The expected output is each line from the one containing "HD Basic Cake Dry Sld Foam D14.0h7.0 x 24" to the last line of the data below, set down exactly, minus the pictures.
*** Opening of STORED DATA ***
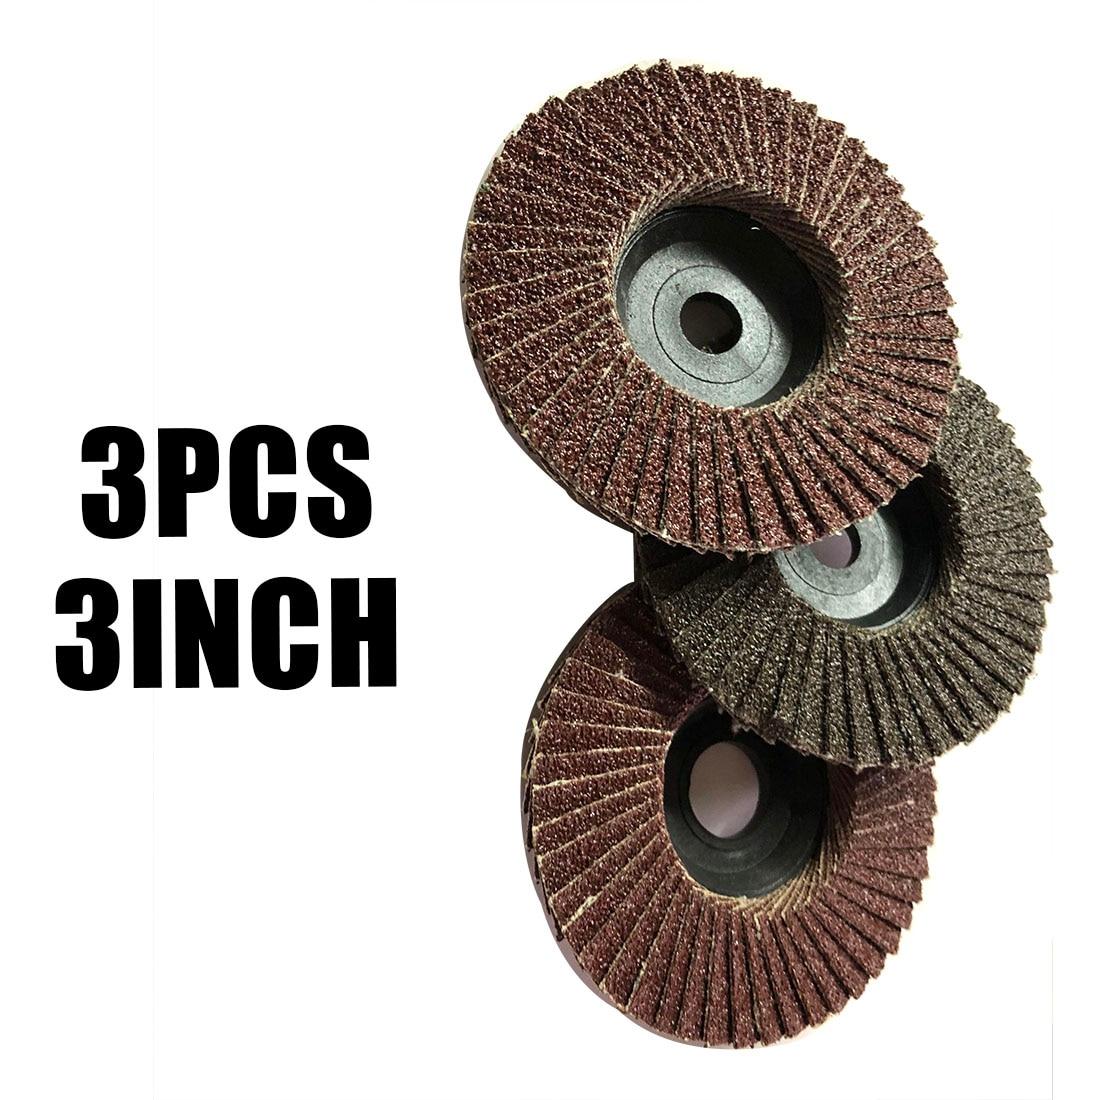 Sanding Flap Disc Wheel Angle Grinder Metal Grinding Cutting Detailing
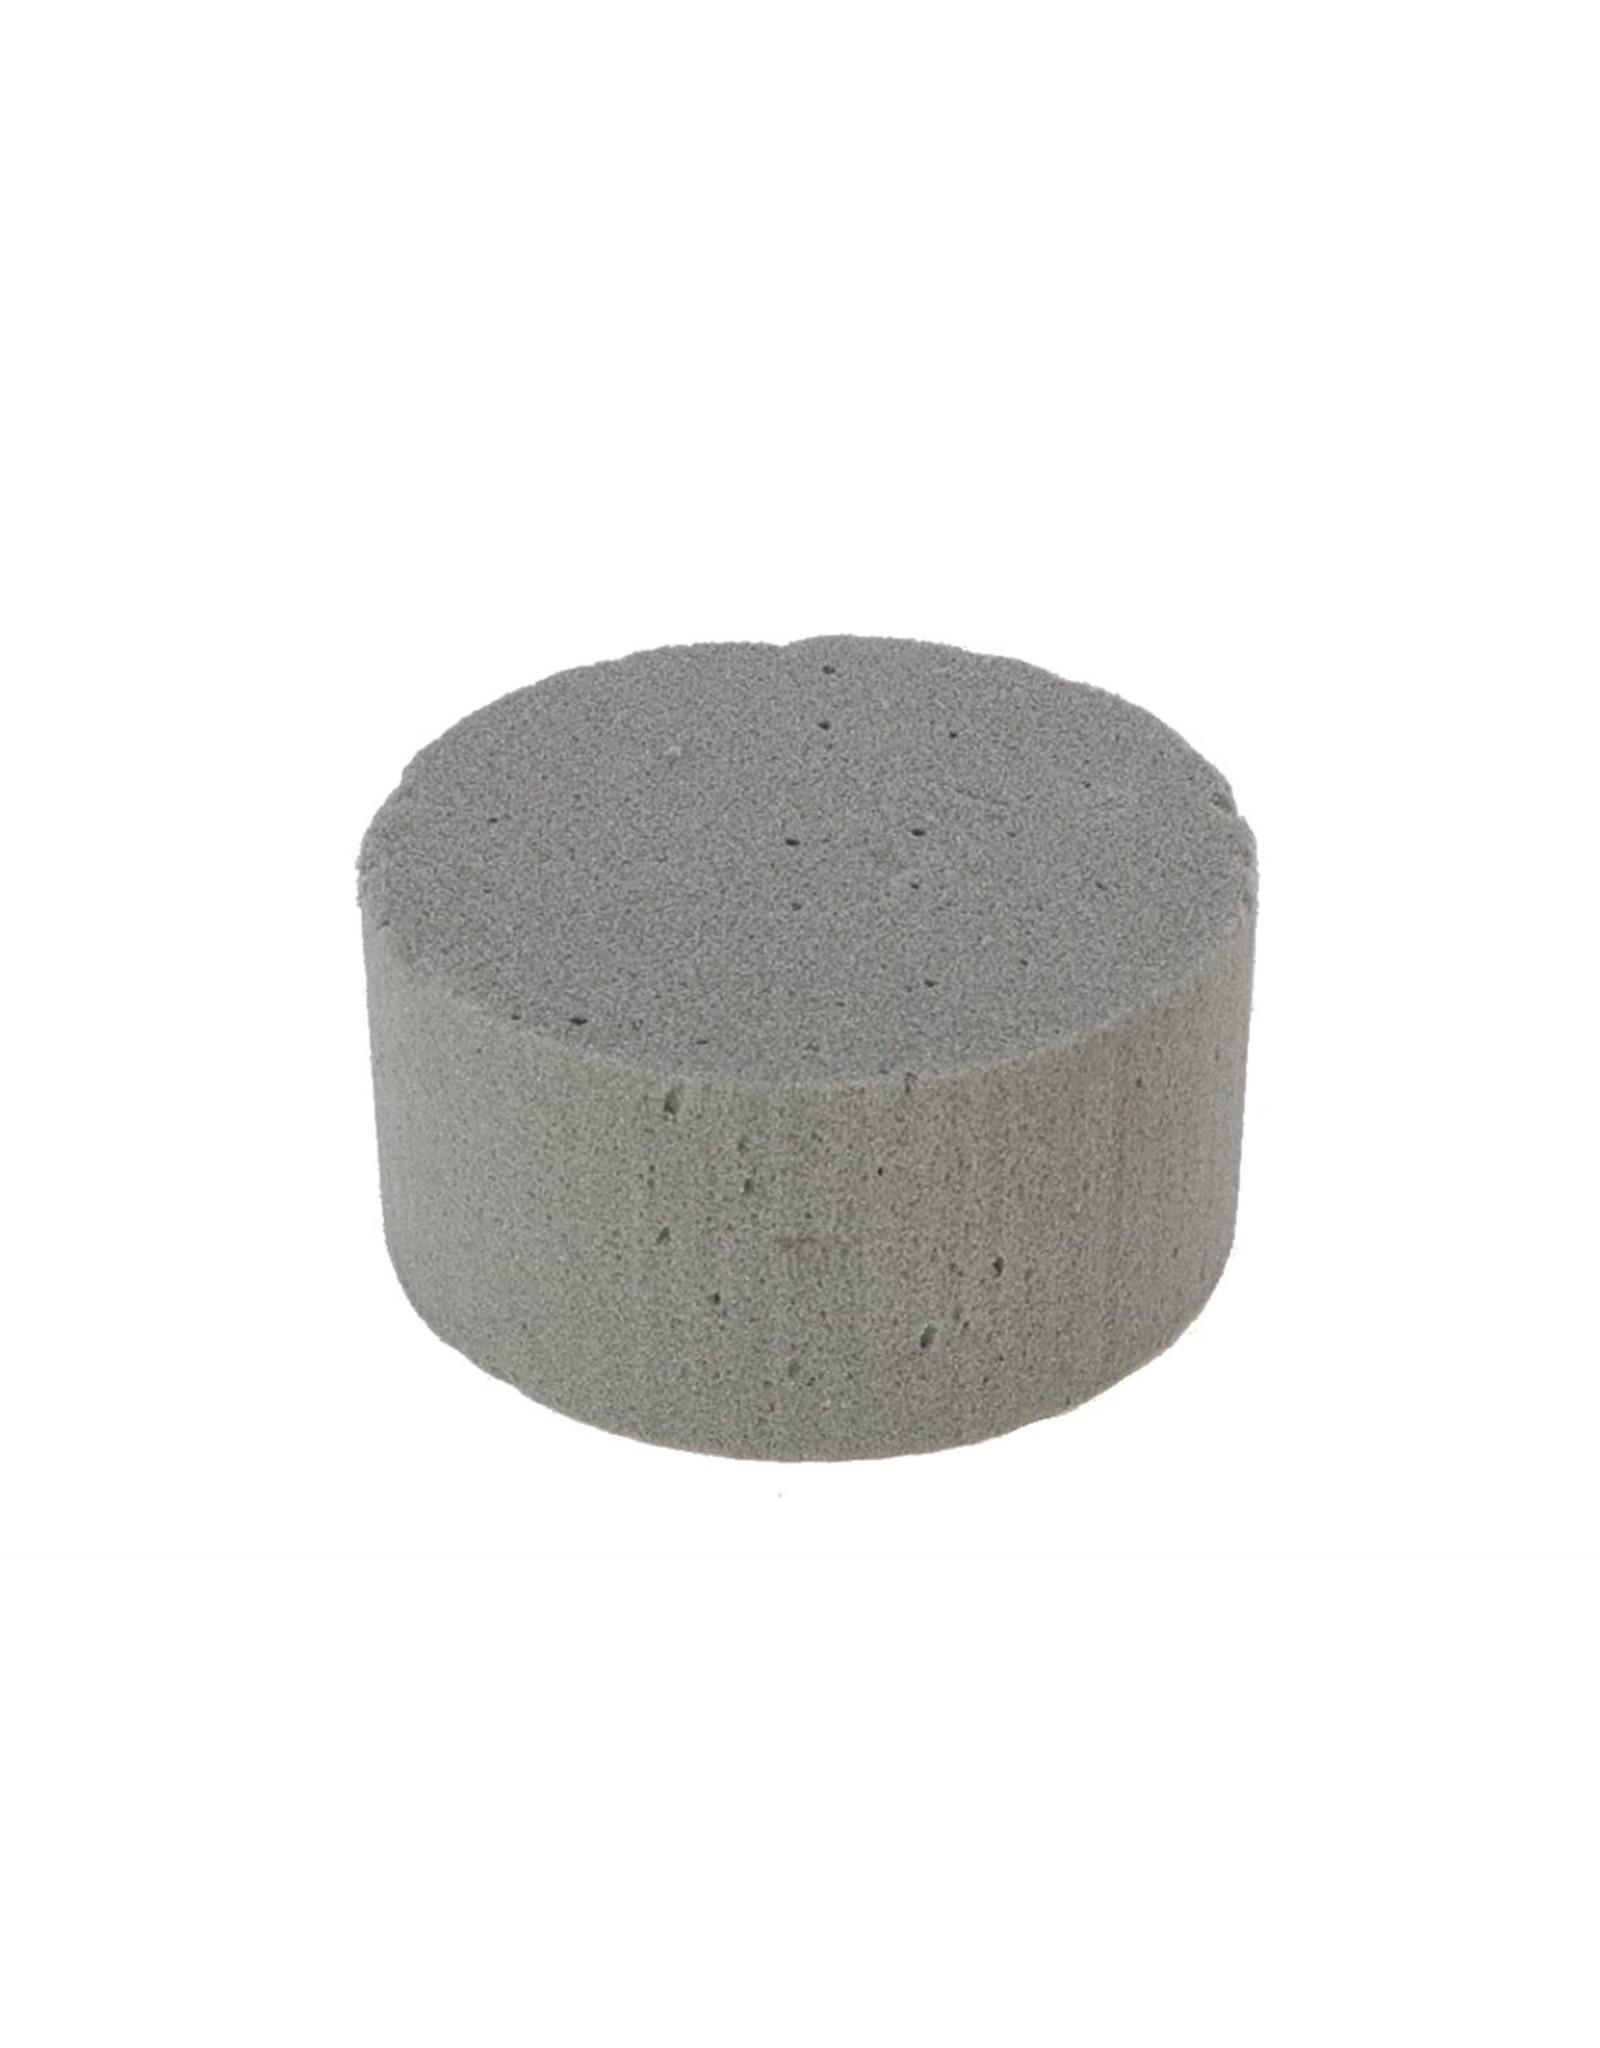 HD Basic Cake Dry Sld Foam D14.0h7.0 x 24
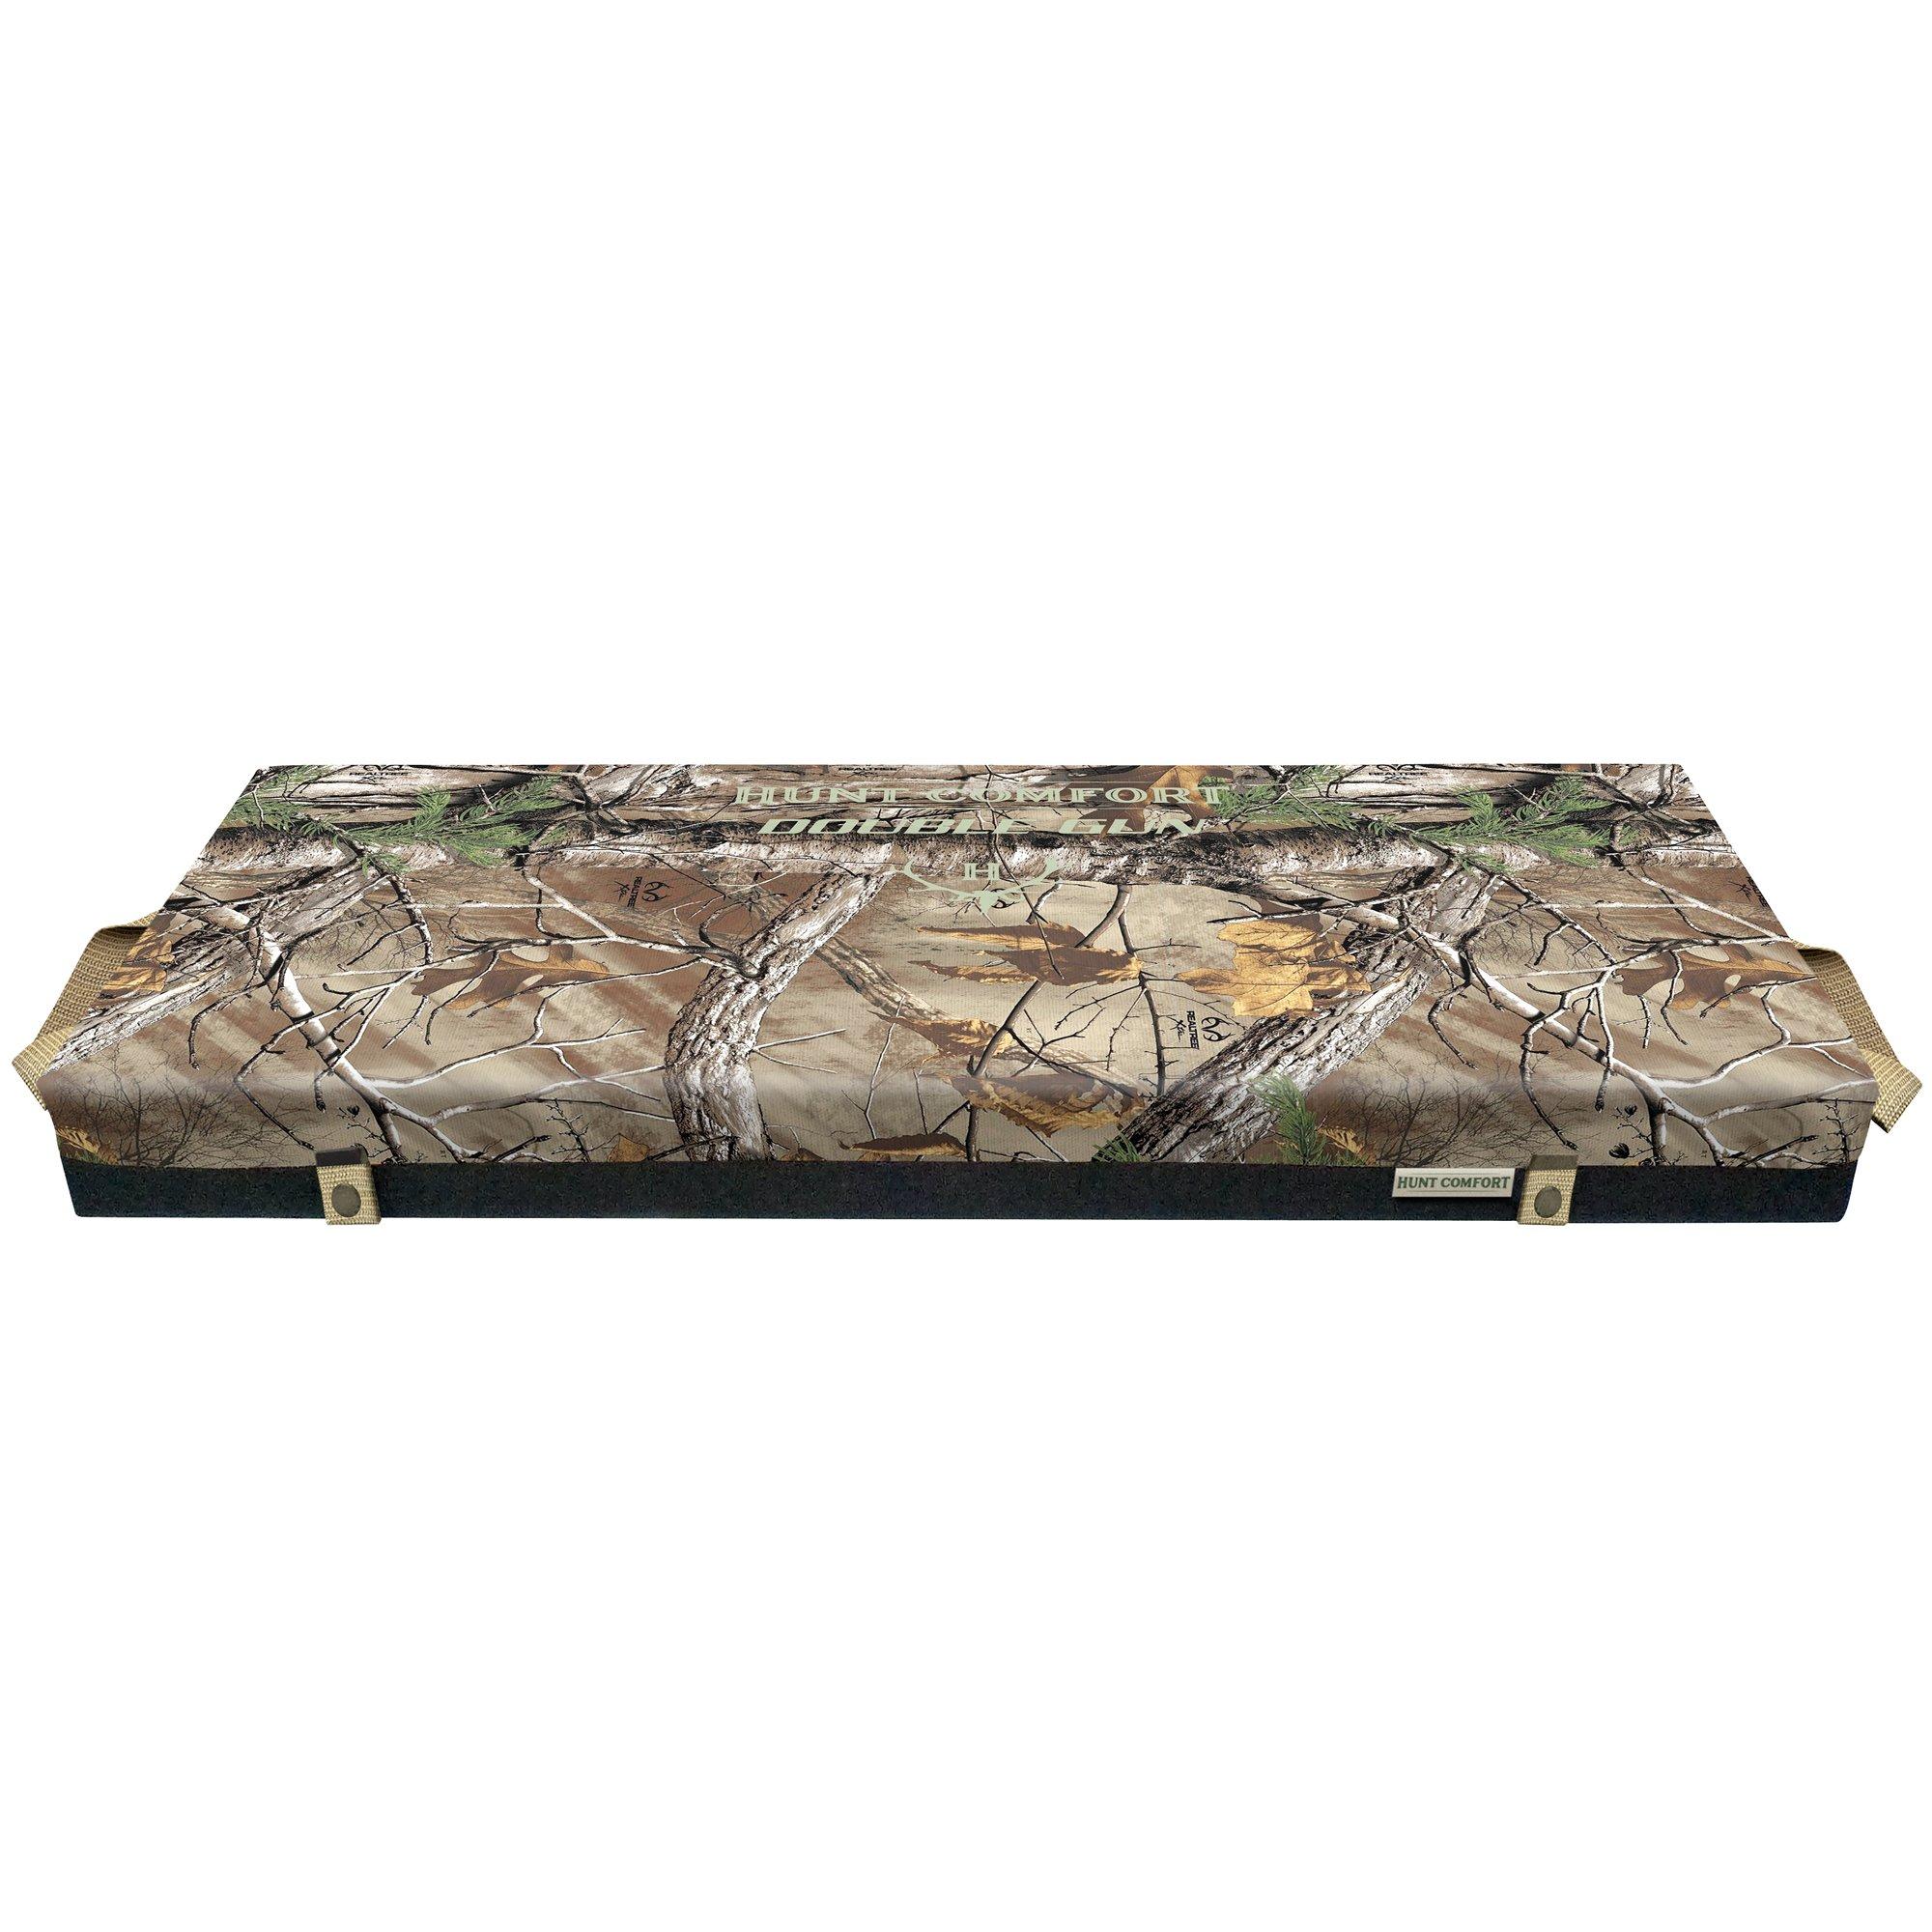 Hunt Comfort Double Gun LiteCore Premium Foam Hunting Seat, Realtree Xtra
*** Close of STORED DATA ***
## ANSWER BELOW
 HD Basic Cake Dry Sld Foam D14.0h7.0 x 24
 Hunt Comfort Double Gun LiteCore Premium Foam Hunting Seat, Realtree Xtra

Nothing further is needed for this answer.